Главная линия романа такая. Советник министерства иностранных дел второго ранга, психологически переживший, почти как Пушкин, внутреннее перерождение. Но Пушкин начинал с диссиденства, потом изо всех сил искал пути лояльности и в конце жизни в них разочаровался. А этот начинал с песни “Взвейтесь кострами, синие ночи”; потом пережил глубокое внутреннее разочарование и встал на путь антисоветской деятельности. На первом же шагу этого пути и попался.

Герой этот (Иннокентий Володин), как ответственный работник министерства иностранных дел, узнал, что в стране не очень удачно идет конструирование атомной бомбы. Он узнал также, что через отечественных резидентов важные технологические секреты должны быть переданы агенту Георгию Ковалю от одного из американских перевербованных сотрудников.

Сам он в операции участия не принимал и узнал об операции случайно, но решает позвонить из автомата в американское посольство, чтобы помешать этой акции – нельзя атомную бомбу отдавать в руки “шального режима”.

Первая глава романа называется “Торпеда”. Дату, когда герой романа позвонил в посольство, определить можно совершенно точно – разговор состоялся 24 декабря 1949 года, то есть под католическое Рождество.

Звонит в посольство; посла нет, так как он уже на рождественском приёме, секретарь соединяет его с военным атташе, который практически не говорит по‑русски – поэтому переадресовал его в канадское посольство.

Все разговоры по телефону с посольствами записывались и, причем, несколькими организациями (но и добровольных наблюдателей хватало, поэтому герой не мог сам говорить по-английски). Сталин распараллелил все службы, например, за госбезопасность по ЦК отвечал Берия, а министром госбезопасности был Абакумов.
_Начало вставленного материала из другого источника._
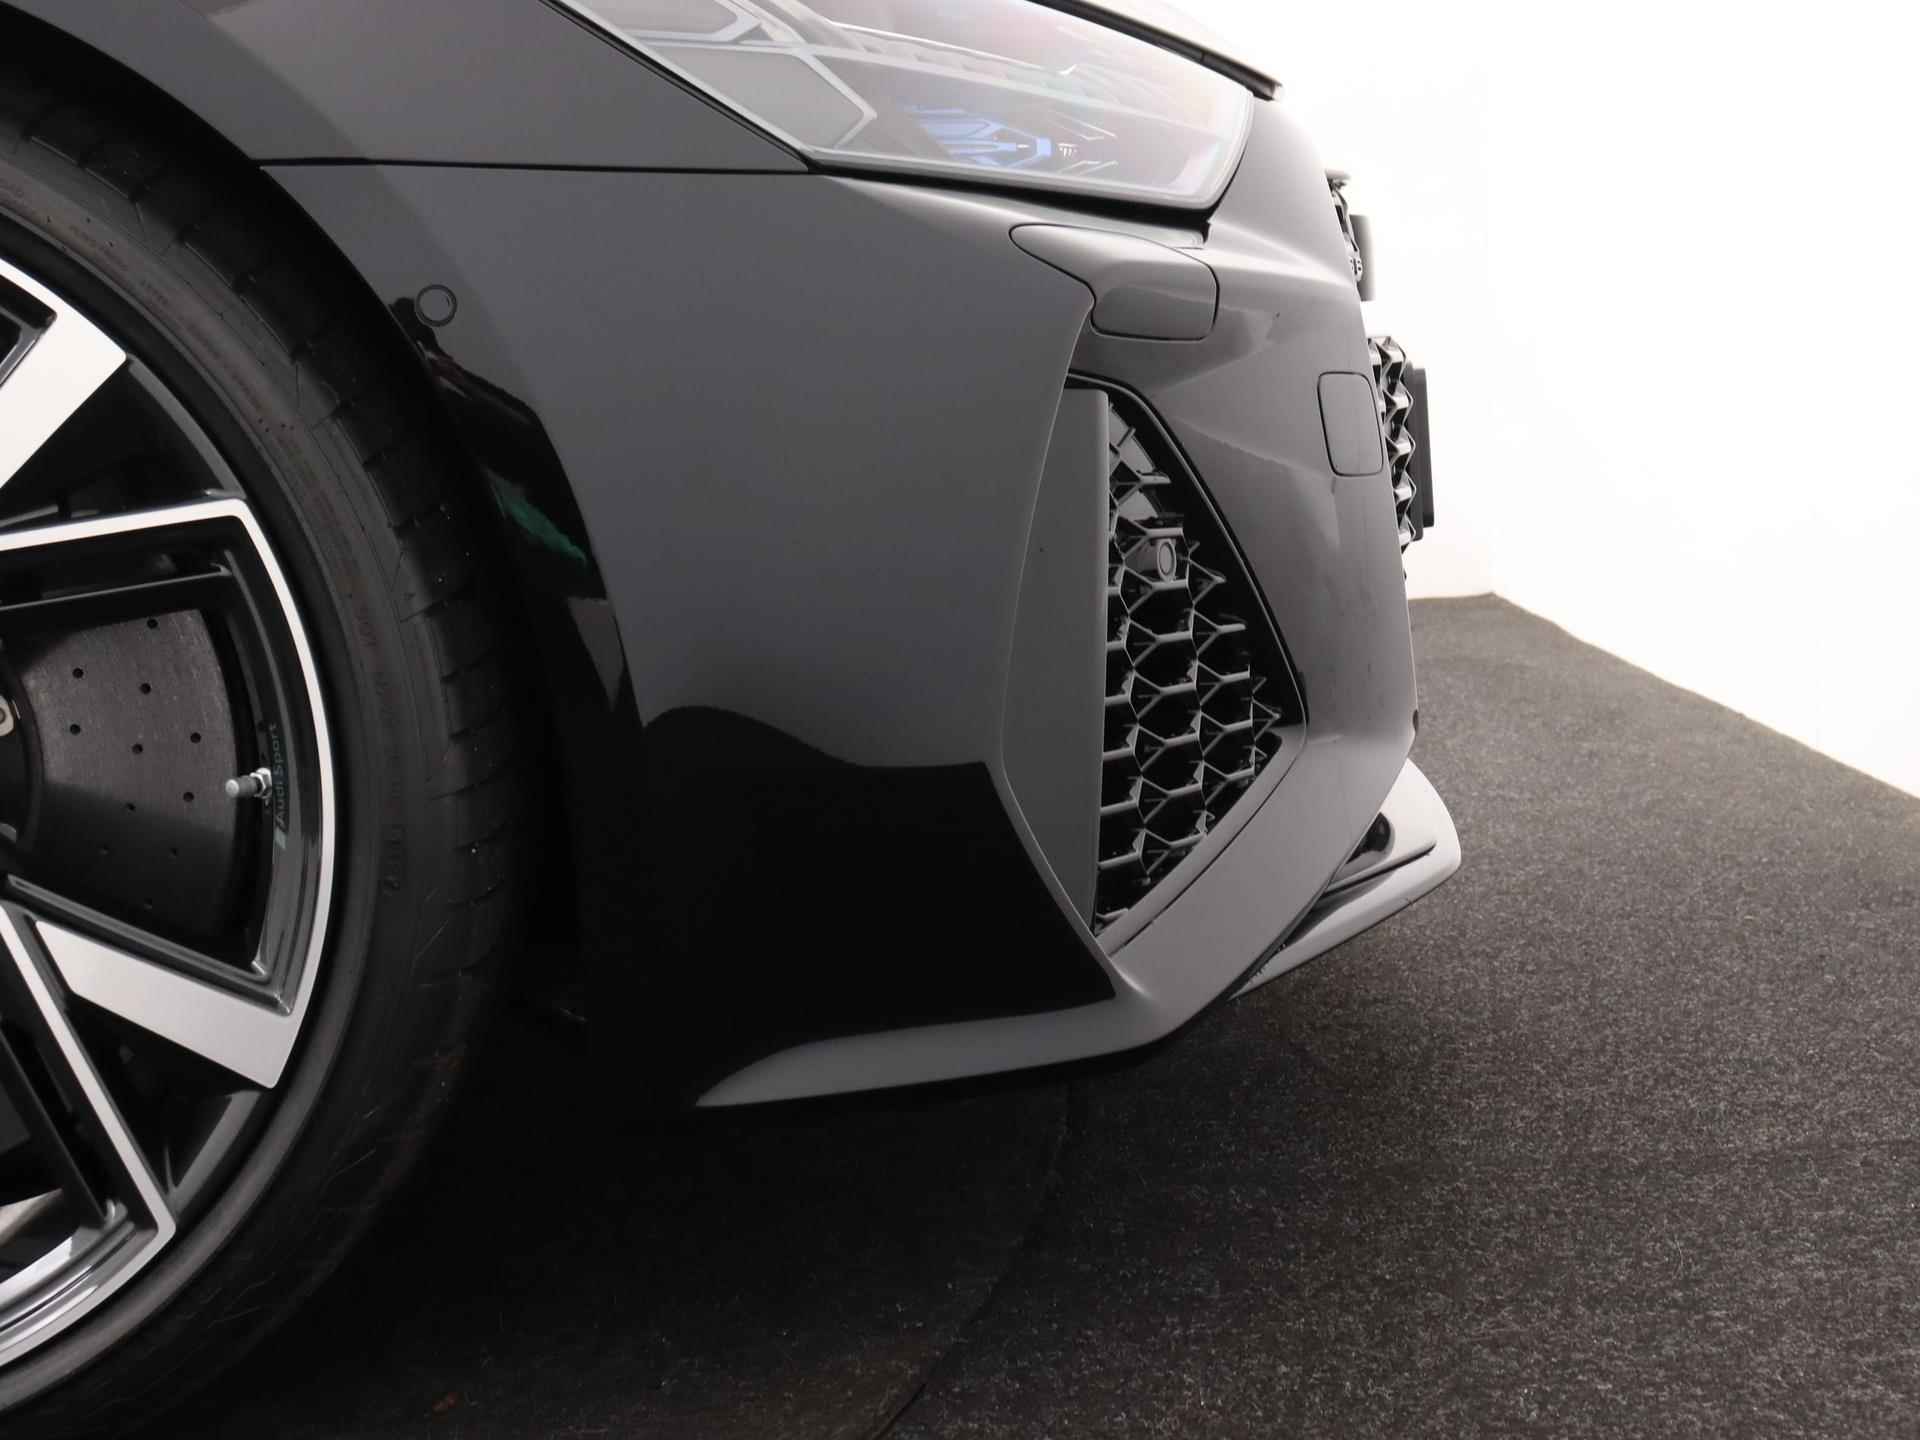 Audi RS 6 Avant TFSI quattro 600 PK | Head-up display | Bang & Olufsen Soundsystem | 22 inch lm velgen | RS Dynamic Pakket Plus | RS Design pakket Rood |Optiekpakket Zwart Plus | Panorama dak | RS Sportuitlaat | Keramische remschijven Rood | RS Sportonderstel Plus | Servosluiting deuren | Nu € 36.129,- ACTIEKORTING! | DIRECT LEVERBAAR! | - 29/35
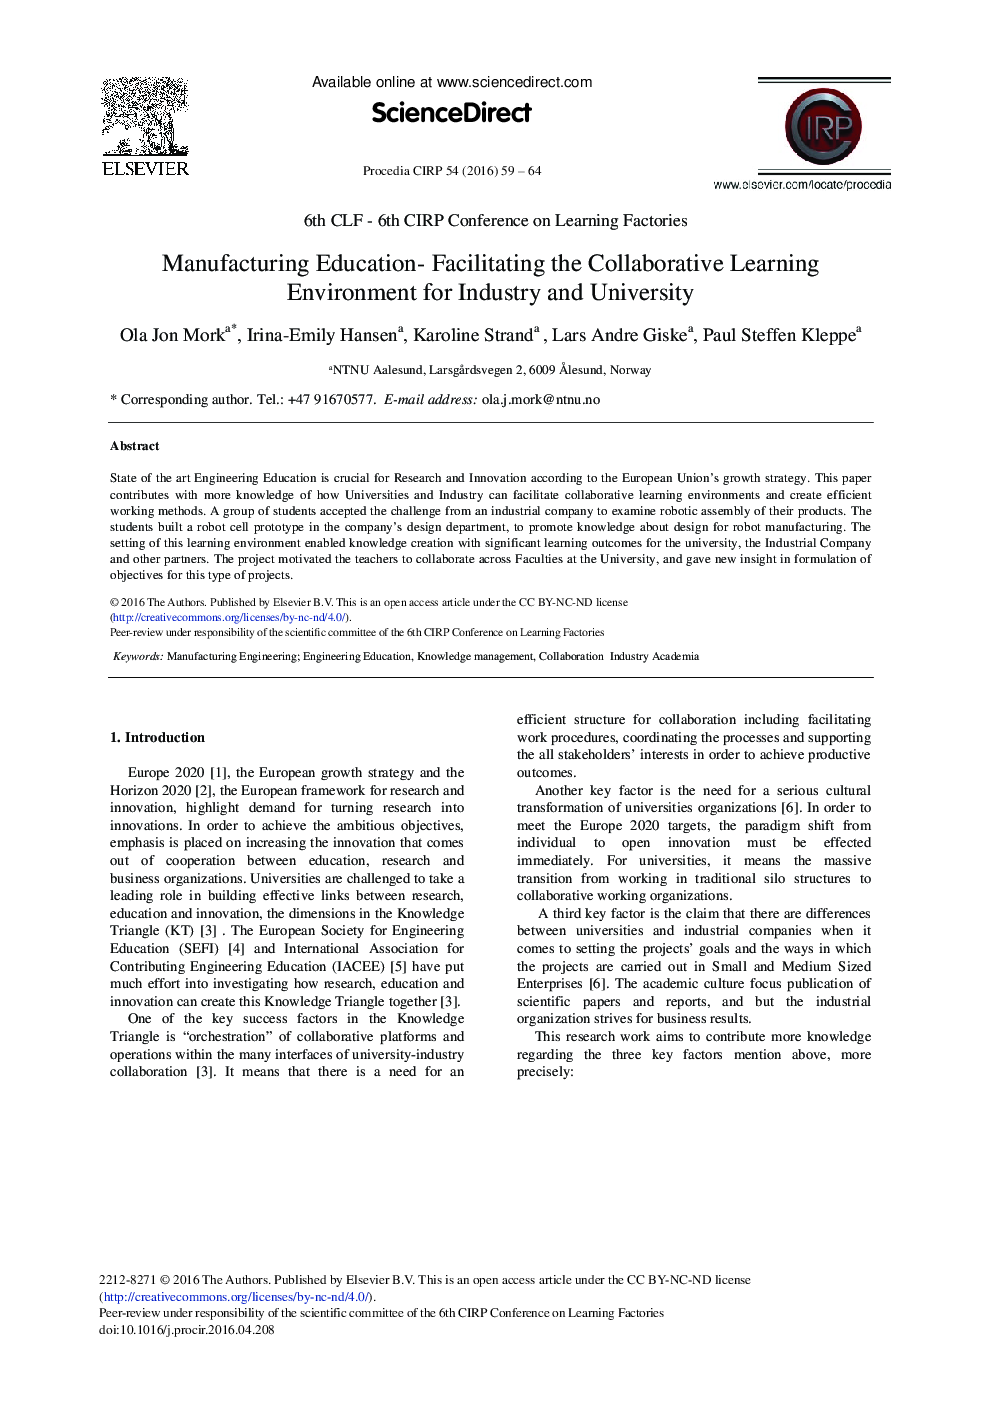 آموزش و پرورش تولید - تسهیل محیط یادگیری همکاری برای صنعت و دانشگاه

В момент разговора те, кому поручено наблюдать и прослушивать разговоры с посольством, отвлеклись: один пишет конспект по истории партии, а у другого болит нога. Поэтому момент начала разговора был пропущен – номер автомата, из которого велся разговор, не был записан. Скрыть разговор было невозможно, так как за такой проступок – расстрел.

Это дает герою – Иннокентию Володину — некоторый таймаут до вечера понедельника. О разговоре тут же доложили Рюмину Михаилу Дмитриевичу и Абакумову: пленку с записью разговора направили на “шарашку” в Марфино, где было спецподразделение, занимающееся, так называемыми, звуковидами. Это подразделение было способно по разговору определить индивидуальный речевой лад и, следовательно, можно идентифицировать и голос. Пленку передали филологу–заключенному, Льву Рубину.

В то же время, было известно, что по министерству иностранных дел об этом деле могли знать только пять человек – в результате быстро определили, кто разговаривал – Иннокентий Володин.

Иннокентий Володин, который пытался “спасти планету”, был крещеный; сын красного командира – героя гражданской войны, погибшего при подавлении восстания Антонова в 1920 году. Мать Иннокентия – нежная барышня серебряного века.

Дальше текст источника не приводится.